Contamination-resistant, rapid emulsion-based isothermal nucleic acid amplification with Mie-scatter inspired light scatter analysis for bacterial identification

An emulsion loop-mediated isothermal amplification (eLAMP) platform was developed to reduce the impact that contamination has on assay performance. Ongoing LAMP reactions within the emulsion droplets cause a decrease in interfacial tension, causing a decrease in droplet size, which results in decreased light scatter intensity due to Mie theory. Light scatter intensity was monitored via spectrophotometers and fiber optic cables placed at 30° and 60°. Light scatter intensities collected at 3 min, 30° were able to statistically differentiate 103 and 106 CFU/µL initial Escherichia coli O157:H7 concentrations compared to NTC (0 CFU/µL), while the intensity at 60° were able to statistically differentiate 106 CFU/µL initial concentrations and NTC. Control experiments were conducted to validate nucleic acid detection versus bacterial adsorption, finding that the light scatter intensities change is due specifically to ongoing LAMP amplification.

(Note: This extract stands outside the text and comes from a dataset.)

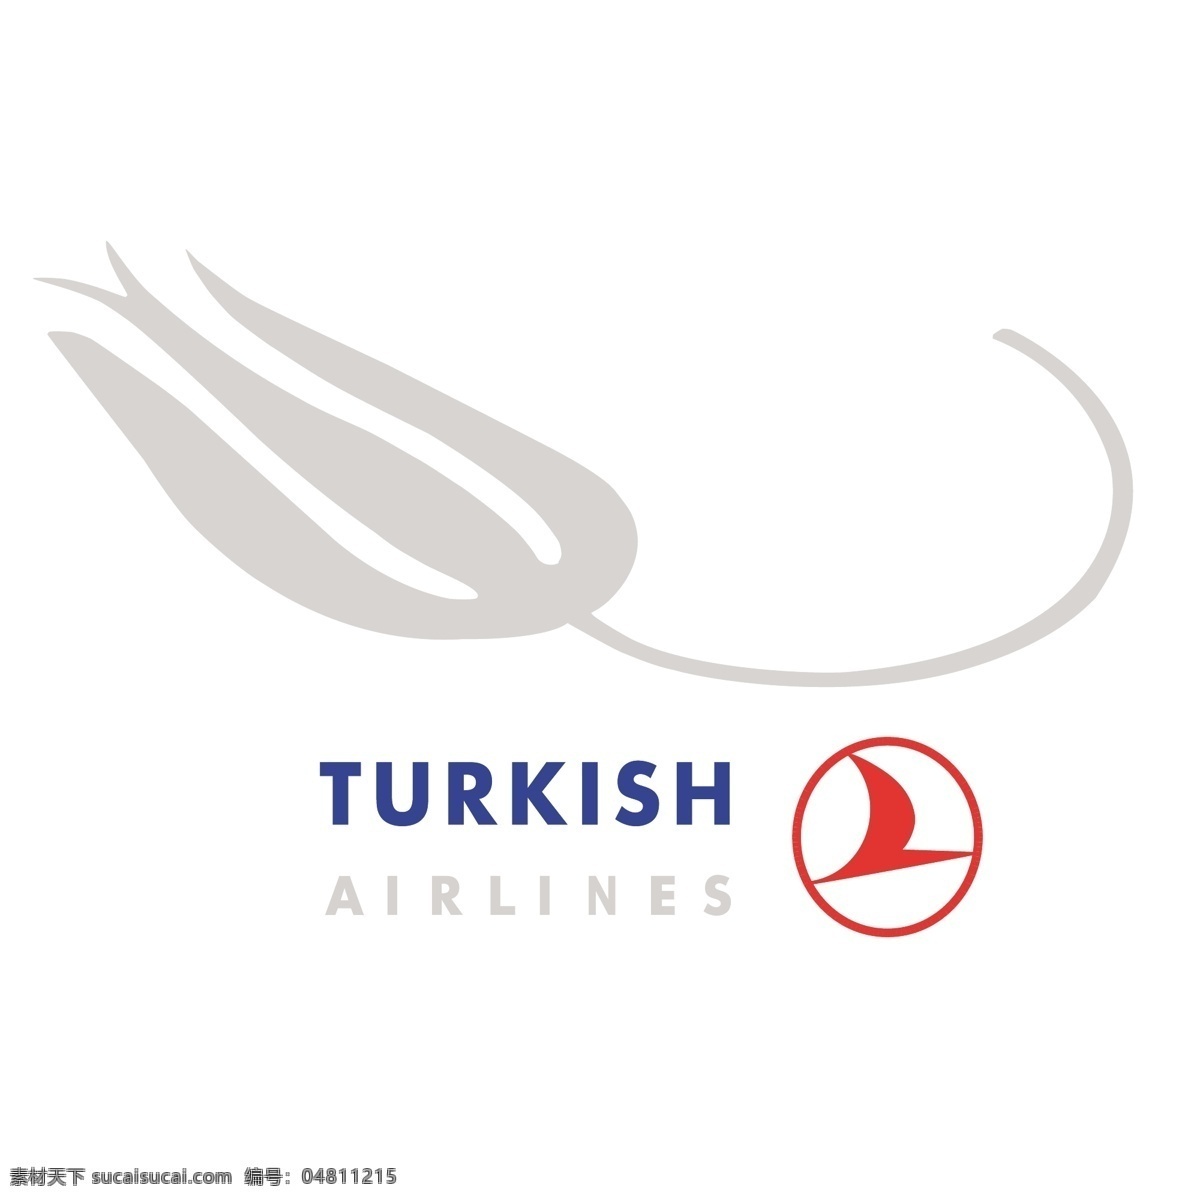 土耳其 航空公司 2005 标志 免费 psd源文件 logo设计
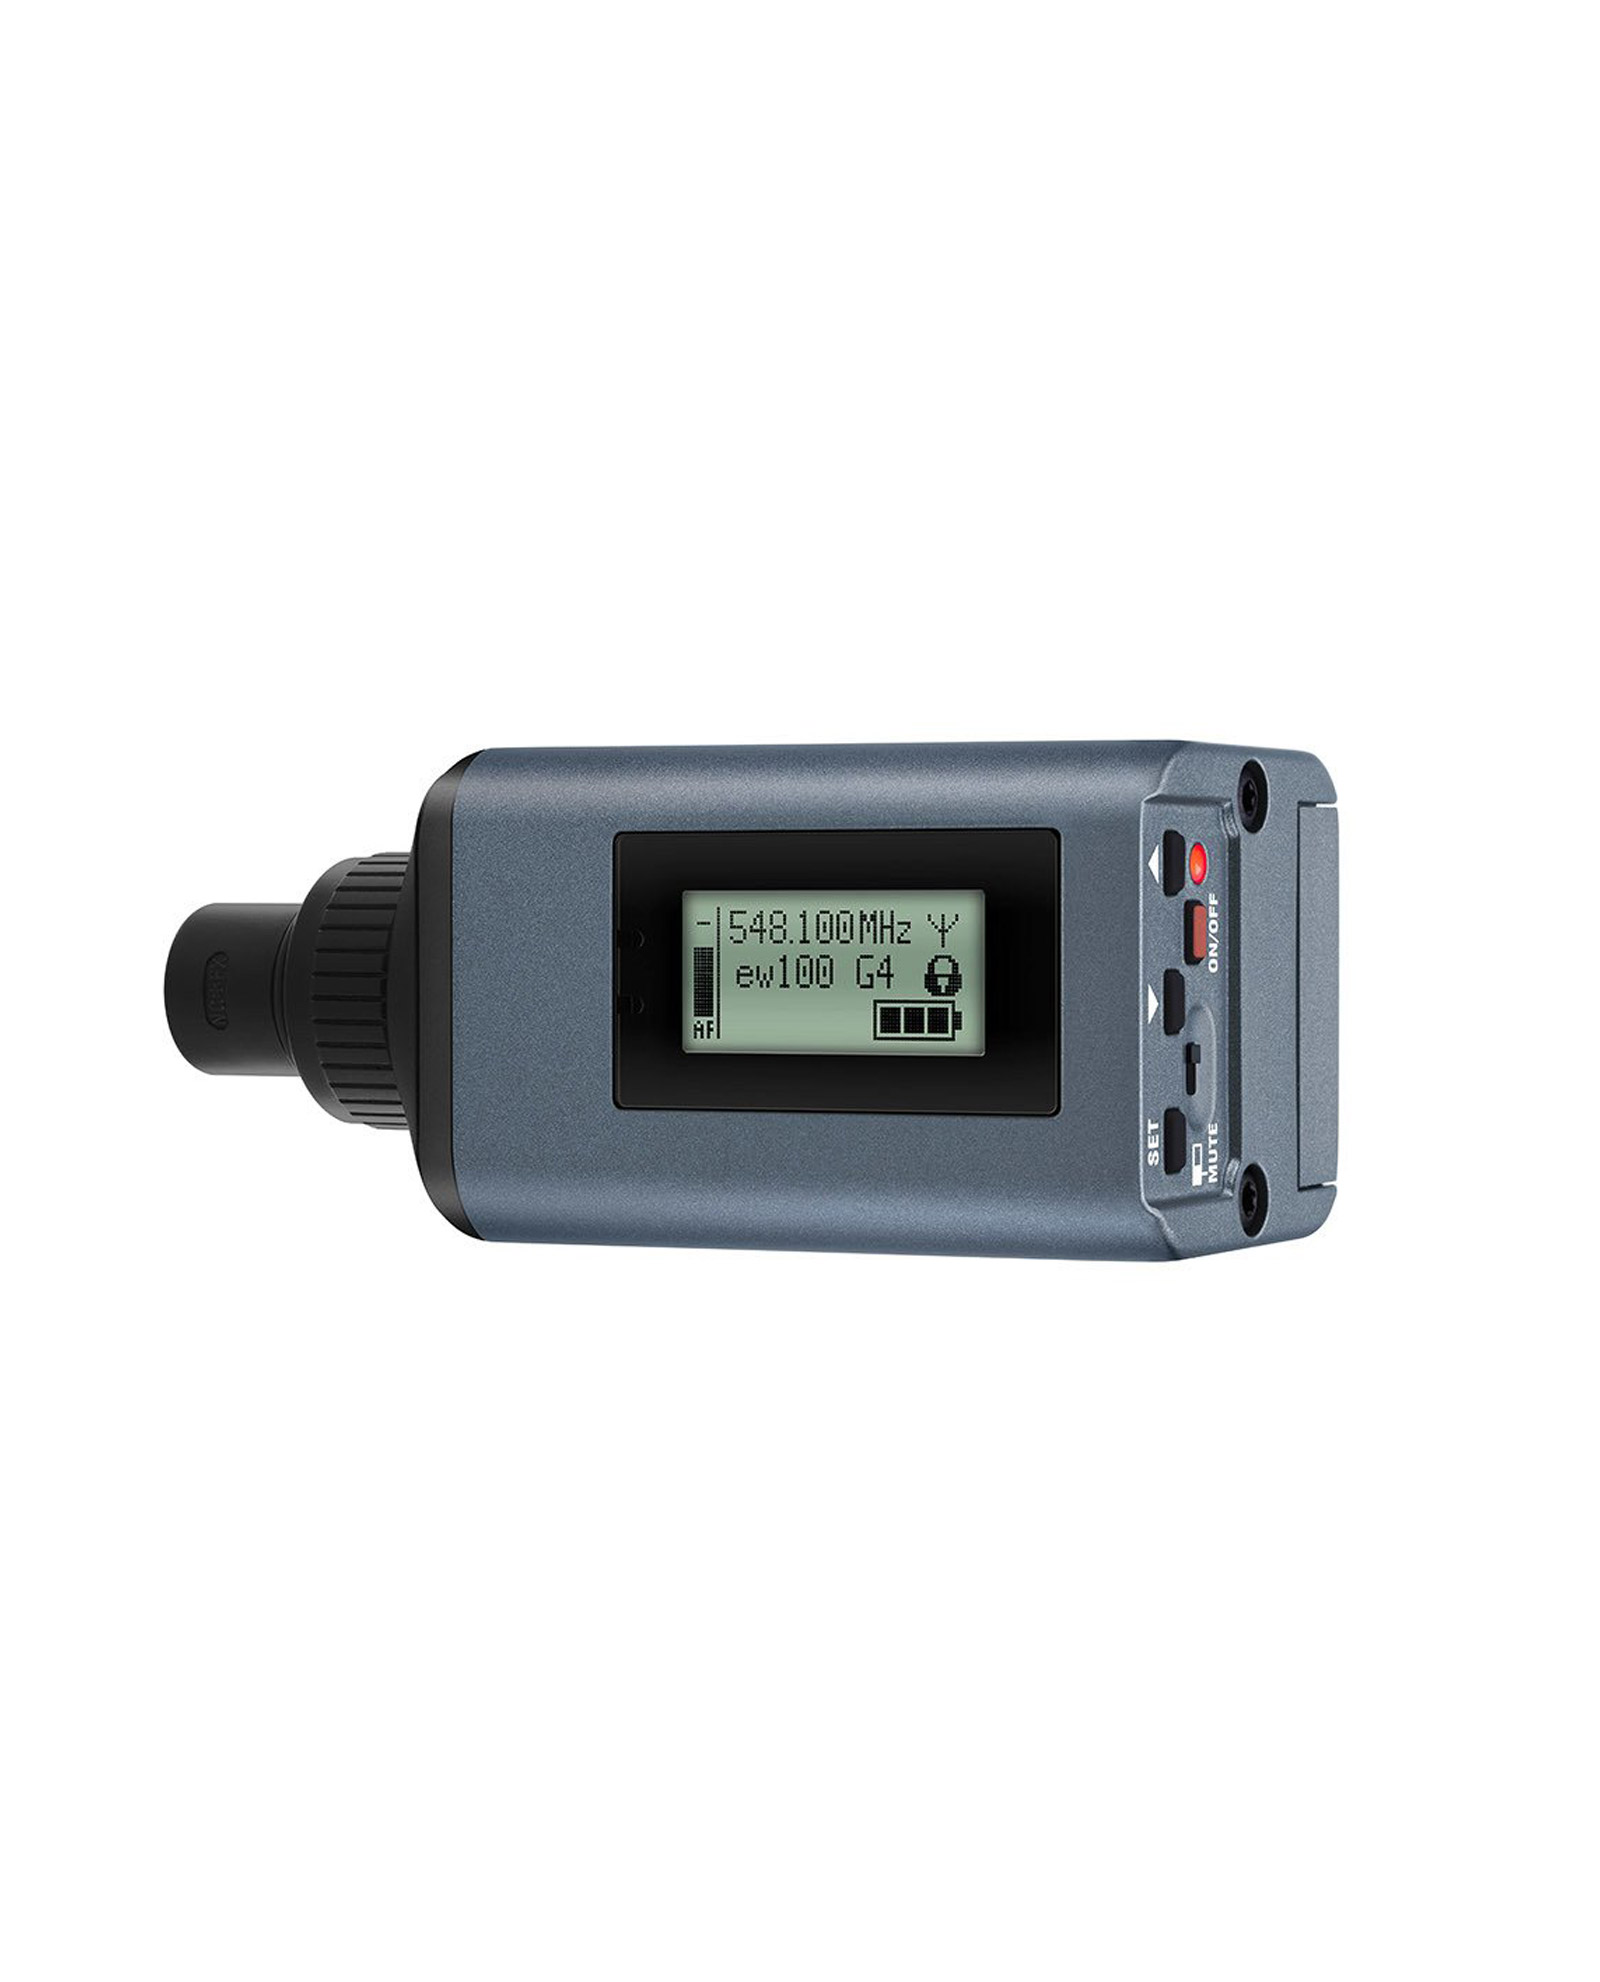 Sennheiser Skp 100 G4 Plug On Transmitter Microphone 1

After inducing contamination of bulk LAMP reagents, specificity lowered to 0% with conventional LAMP, while the eLAMP platform showed 87.5% specificity. We have demonstrated the use of angle-dependent light scatter intensity as a means of real-time monitoring of an emulsion LAMP platform and fabricated a smartphone-based monitoring system that showed similar trends as spectrophotometer light scatter data, validating the technology for a field deployable platform.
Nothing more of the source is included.